Free school paid £900 for chair's stay in swanky Chicago hotel

A free school in Bolton paid more than £900 for its chair to stay at a swanky Chicago hotel favoured by Hollywood stars while attending an Apple event, a government investigation has revealed.

The Olive Tree Primary School Bolton Limited, a single-academy trust, also allowed Abdul Chohan – who worked as a consultant for the technology giant – to deliver private education technology events on its site.

The report, published today, also found Chohan recruited his friends to consultancy positions and even hired his future spouse to a leadership position with no formal contract or recruitment process.

The Education and Skills Funding Agency investigation into the trust, which runs Olive Tree Primary free school, identified “a number of significant weaknesses” within the trust’s internal control and governance arrangements. The organisation has breached its scheme of delegation, articles of association and the academies financial handbook, and may also have broken the companies act 2006, the ESFA said.

Many of the investigators’ concerns relate to Chohan, the trust’s chair of trustees. The report found he had hired four people known to him, including two trustees, as paid consultants without following the proper procedures. He also hired a catering firm without following the rules, and gave his future spouse a job at a time when their families were negotiating their marriage.

According to the report, the trust had “a number of additional business areas”, including an Apple regional training centre and private ed tech events hosted by Chohan.

The trust also paid for certain staff and trustees to attend ed tech related courses and presentations during term time.

In April 2018, the trust paid £901.57 for accommodation for Chohan at the Intercontinental Chicago on 25 April 2018 to attend an Apple event, despite foreign travel expenses for trustees being expressly forbidden by the trust’s articles of association.

The hotel is listed online as a “world-renowned destination” attended by international dignitaries, politicians, and Hollywood celebrities.

In a financial notice to improve issued in November, also published today, the trust was ordered to recover the expenses paid to Chohan.

The trust must also provide an action plan showing the improvements it’s made and consider joining a “strong” academy trust by March. If the trust fails to meet the requirements, it could have funding terminated.

 

Questions over income from ‘private events’

Private events run by Chohan at the trust generated income £13,650. However, all three additional business areas incurred combined costs of £13,247.

In March 2018, the chair organised an event at the trust with attendees from Sweden, generating £11,730 in income.

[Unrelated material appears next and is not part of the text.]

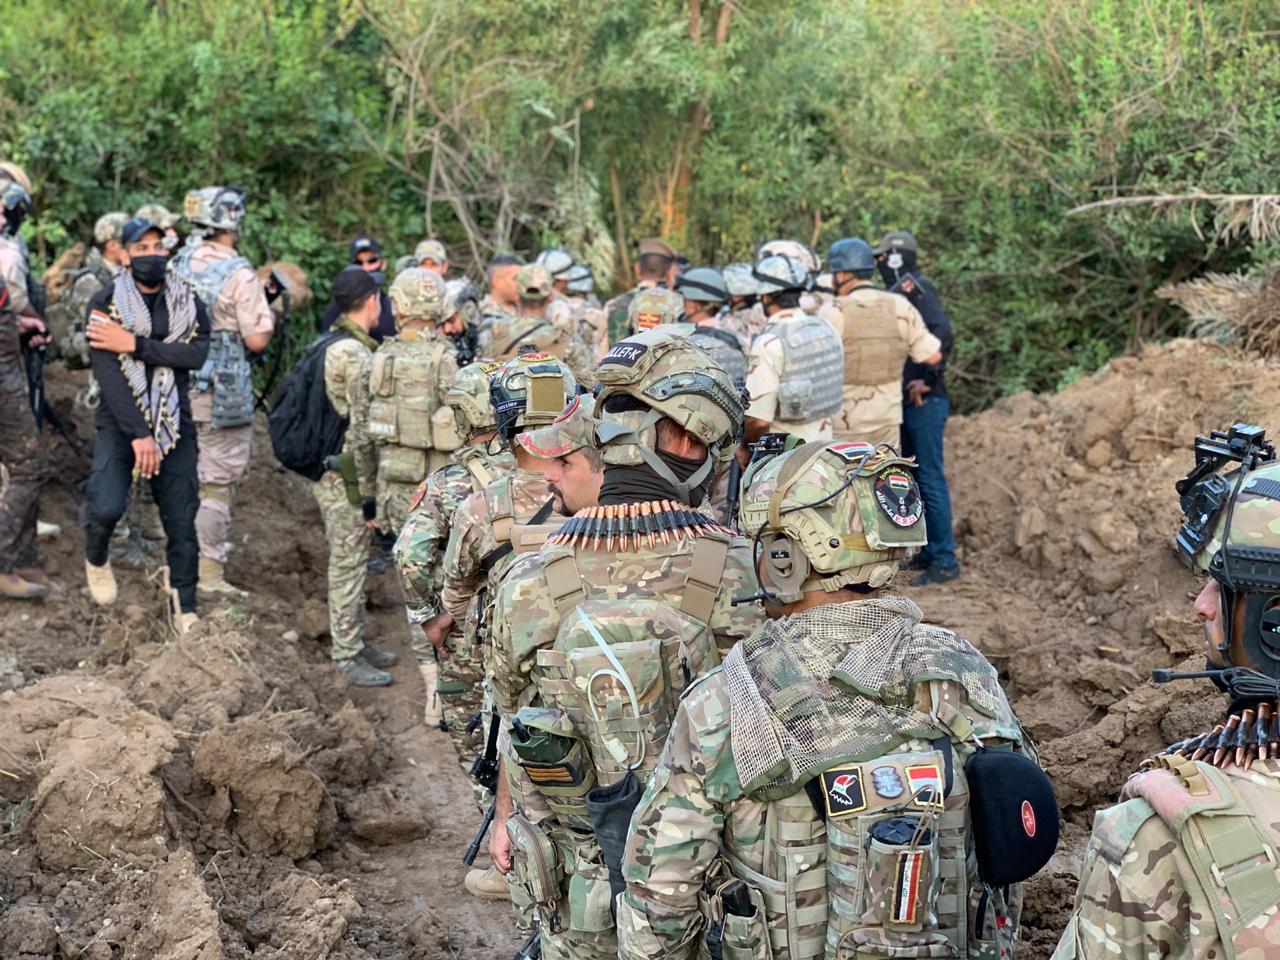 ئۆپراسیۆن سەربازی عراقی لەبۆشاییەگەی ناوبەین پێشمەرگە و هێز فیدڕاڵی
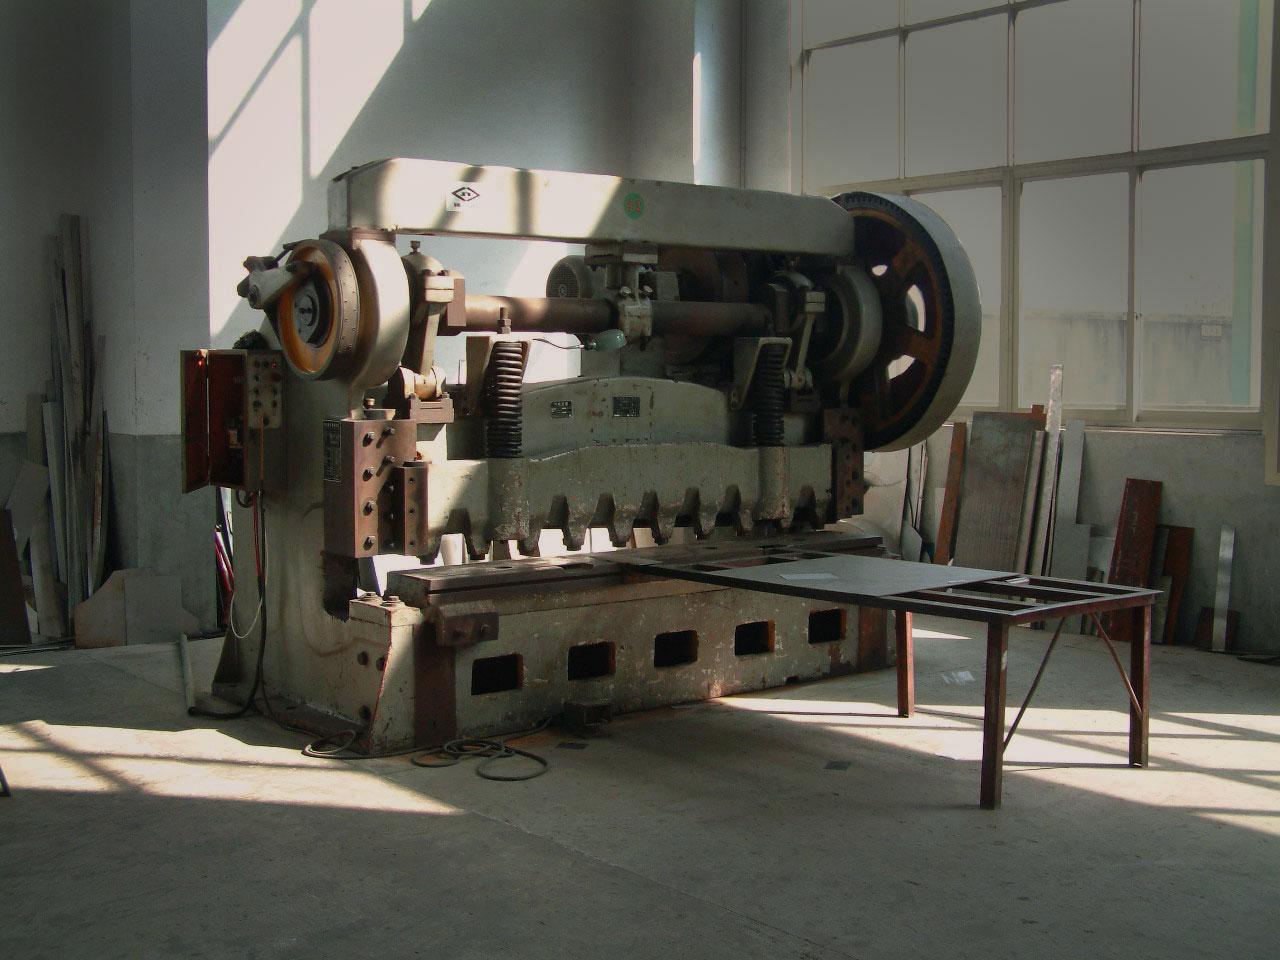 D.A.T. machine

However, the trust only received £8,700. When the trust’s chief financial officer inquired, they were told that a fee was deducted for the time spent on the event by the chair, totalling £1,980.

Investigators found that although Chohan had declared his 120-days-a-year consultancy contract with Apple, this was not challenged or questioned by rest of the trust board. Previous ad-hoc worked performed by Chohan for the tech firm was also not formally declared.

Last January, Chohan presented at the BETT Show, an ed tech conference in London on behalf of an unnamed company which supplies Apple products to the school.

Chohan was not paid separately, “but it was included as part of his 120 day consultancy with Apple”. No declaration was made.

To date, the trust has spent £121,289 with the company.

Investigators also found the trust had five bank accounts, of which two could not be accessed by the business manager or chief financial officer.

This meant the CFO wasn’t able to obtain any information in relation to the accounts when asked by the ESFA.

 

Chair hired friends and spouse for paid roles

The ESFA’s investigation report revealed that the trust spent £33,050 over a two-year period on four educational consultants, all of whom were known to and hired by Chohan. Two of them were also trustees.

There was no evidence of a formal procurement process, and three of the consultants had no contract.

In January 2017, the trust recruited a new curruculum design lead on a 12-month contract. The recruitment went ahead at a time when discussions were taking place between the families of that individual and the chair about their proposed marriage. They married in December 2017.

According to the report, the chair made no formal declaration of his connection to the individual, and the appointment was made without going through a formal competitive recruitment process and the trust was unable to provide any formal signed contract for the position.

According to the trust’s latest accounts, the board of trustees has now appointed an independent accountant to run an internal audit. A new conflict of interest policy has been adopted and a governance review commissioned.

The trust also sought, through the Academy Ambassadors scheme, to recruit two additional trustees with HR and finance expertise. It is not known whether it was successful.

 

Trust insists hotel payment was ‘mistake’

The trust said it paid for Chohan’s stay at the Chicago hotel by mistake, and denied he was involved in the appointment of several of his friends and future spouse to various positions at the school.

In in a letter to parents, the school’s board of trustees said the payment for the chair’s accommodation at an educational event was “paid in error by the school” and that Chohan was “unaware as the hotel had been provided with his payment details upon check-in”.

Trustees also insisted the appointment of new governors and consultants “has always been done with governors involvement and in a transparent way”, and that Chohan “was not involved in the recruitment process relating to the appointment of his spouse to a leadership position”.

“Governors are confident that Mr Chohan has been entirely proper and has always had the best interests of the school and pupils at heart in the execution of his duties, as do all governors,” said the board in its statement.